Winner of Canadian Lottery Jackpot Says Impostors Using His Name to Steal Bitcoins – Featured Bitcoin News

The winner of the Canadian lottery, Scott Gurney, has confirmed that scammers impersonating him on Facebook have conned unsuspecting victims of their bitcoins. To counter the scammers, Gurney said he has stopped accepting or sending friend requests on the social networking platform.

‘Too Good to Be True’

The Canadian Lotto Max jackpot winner, Scott Gurney, has said individuals using his name have been asking social media users to donate bitcoins are likely scammers, a report has said. Gurney, who won $55 million, confirmed that one individual told him they lost $300 worth of bitcoins to a con artist who impersonated the lottery winner.

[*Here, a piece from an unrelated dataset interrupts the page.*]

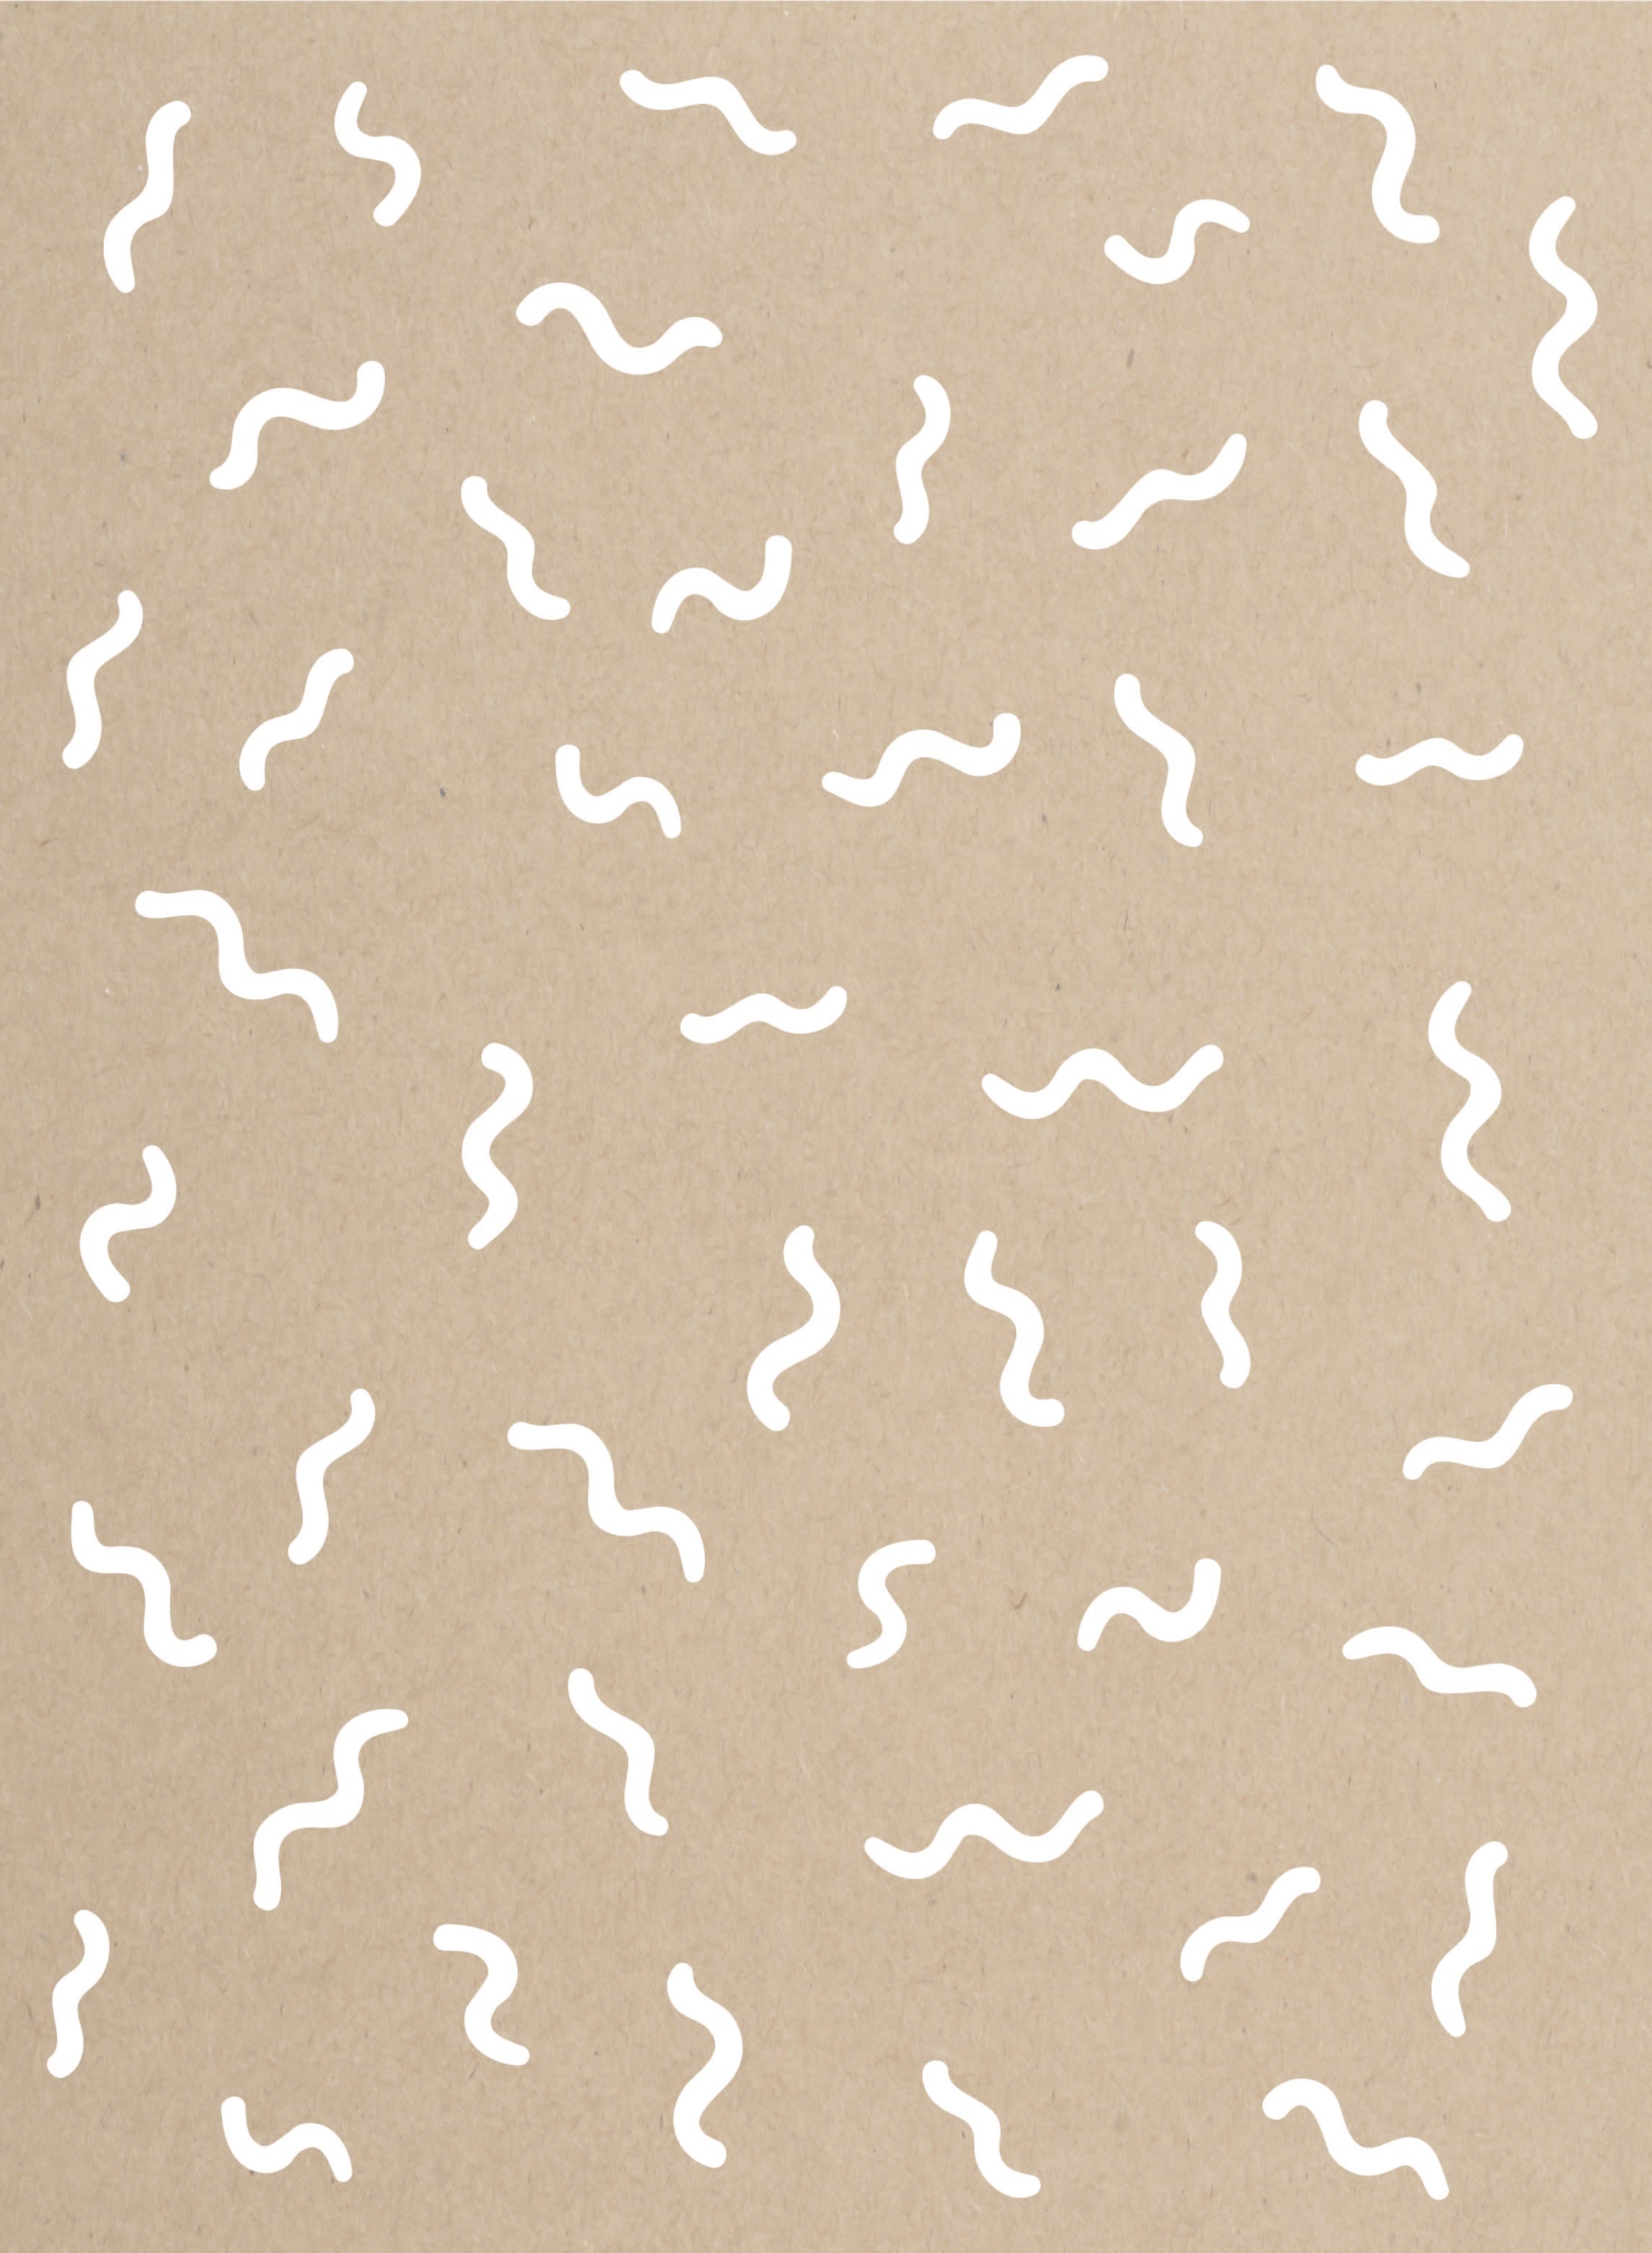 Achtergrondafbeelding met een illustratie van witte wormen op karton

To lure victims, the con artists reportedly use fake Facebook accounts wherein Gurney is shown holding the lottery cheque. According to a report in the Times Colonist, one person lost bitcoin worth $450 after contacting one of the fake accounts. However, in his message to persons responding to the scammers’ promises, Gurney said they should be wary of offers that are too good to be true. He added:

I’m sorry that people have maybe been down on their luck and are looking for those avenues, but I don’t know many people who just hand out cash easily.

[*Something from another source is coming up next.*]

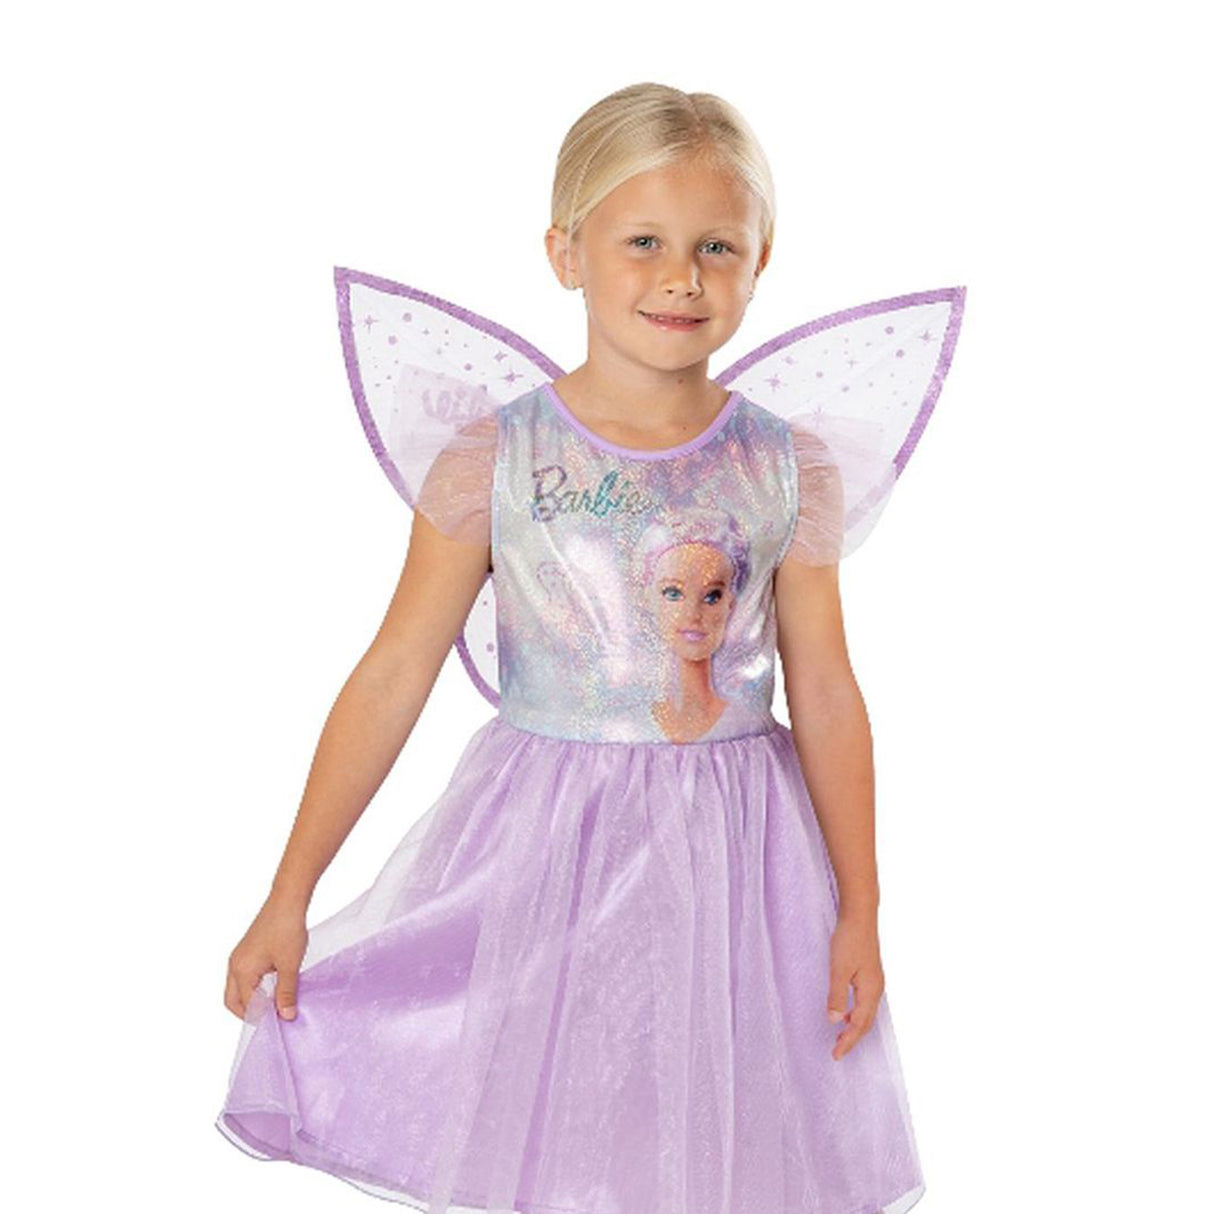 Rubies Barbie Fairy Costume Kids, Pink (3-5 years)

The report also revealed that some of the fake Facebook accounts had gone as far as to discredit other accounts. However, to counter the tactics of scammers, Gurney, a financial adviser, said he is going to stop accepting or sending friend requests on Facebook.

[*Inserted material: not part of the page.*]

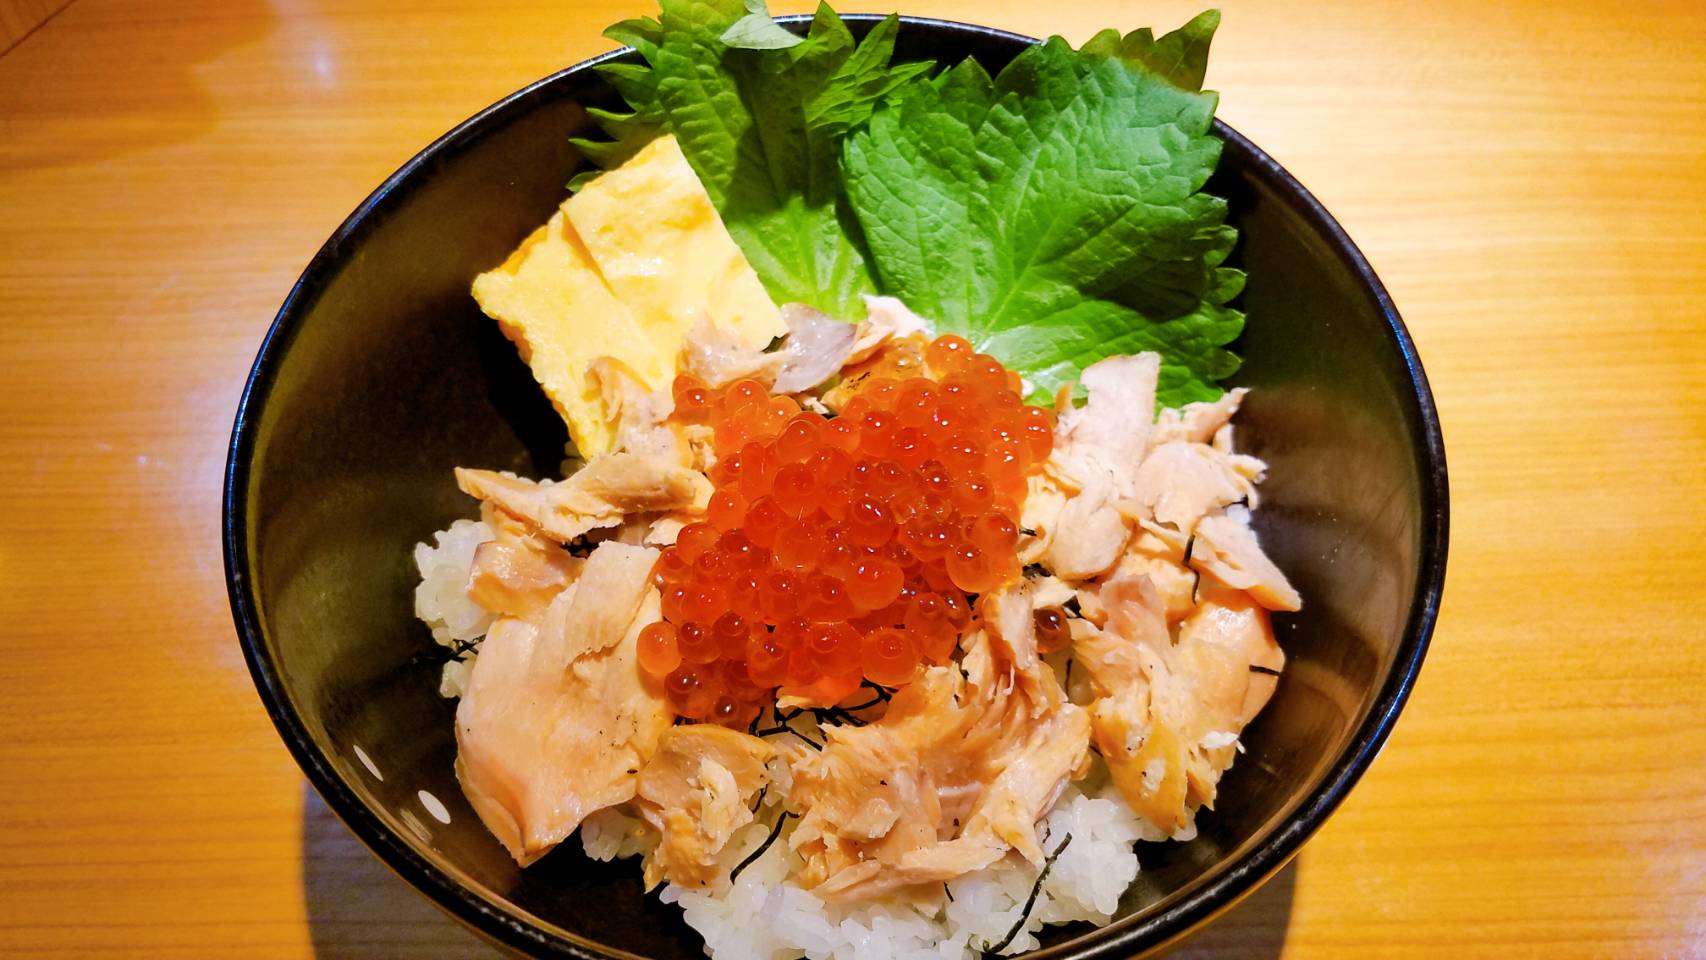 鮭とイクラの親子丼 海の恵み 食の底力 Japan 公式レシピサイト

Meanwhile, the British Columbia Lottery Corporation, which handed out the $55 million check to Gurney, has issued a statement warning punters to be wary of solicited messages that ask them to divulge private information.

“Anyone who gets any type of unsolicited message should be cautious and not reveal any personal information or make any monetary payment,” the Canadian Crown Corporation warned.

The lottery company also urged recipients to report such unsolicited messages to the Canadian Anti-Fraud Centre.